*** Opening Provided material ***

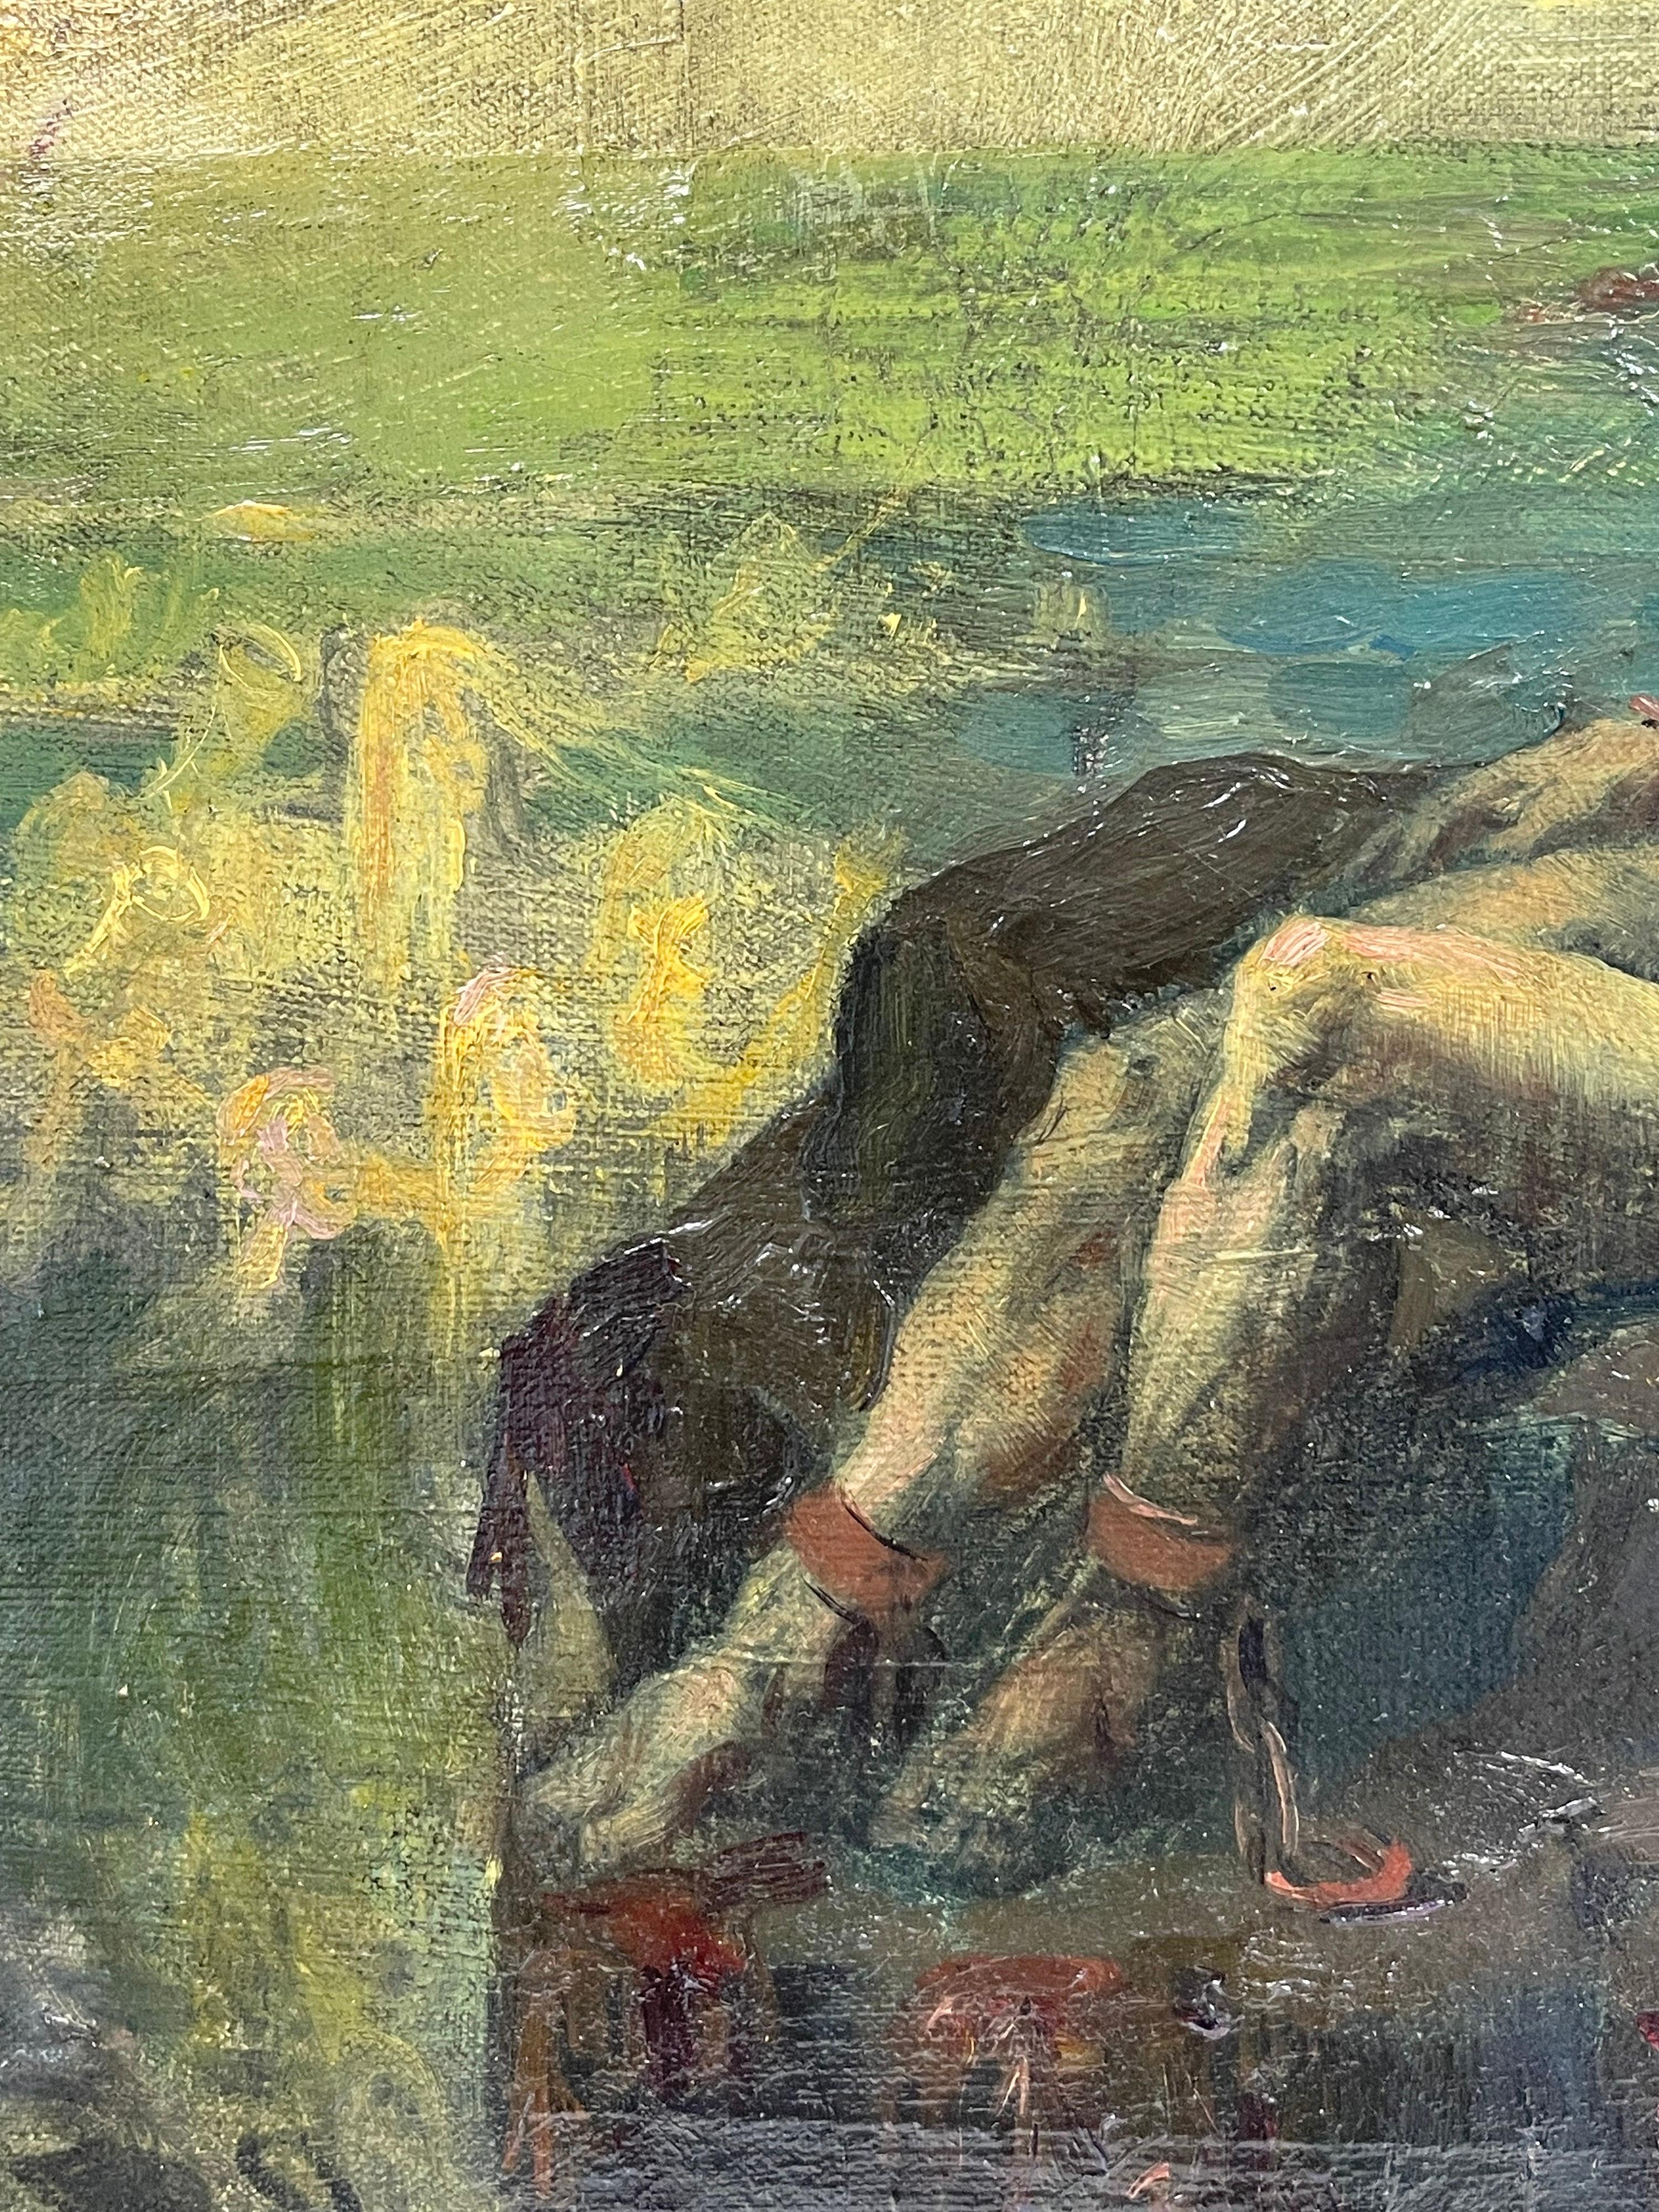 Prometheus chained to the Rocks
French School, signed and dated 1905
titled verso/ inscribed by the artist
oil painting on canvas, unframed
canvas measures 13 x 16 inches

condition: good, original and presentable. There are minor scuffs/ paint loss

*** Closing Provided material ***

To do
Print nothing but the lines from the one that contains "canvas measures 13 x 16 inches" to the final line of the data, both included, exactly as they read.

Solution to the exercise
canvas measures 13 x 16 inches

condition: good, original and presentable. There are minor scuffs/ paint loss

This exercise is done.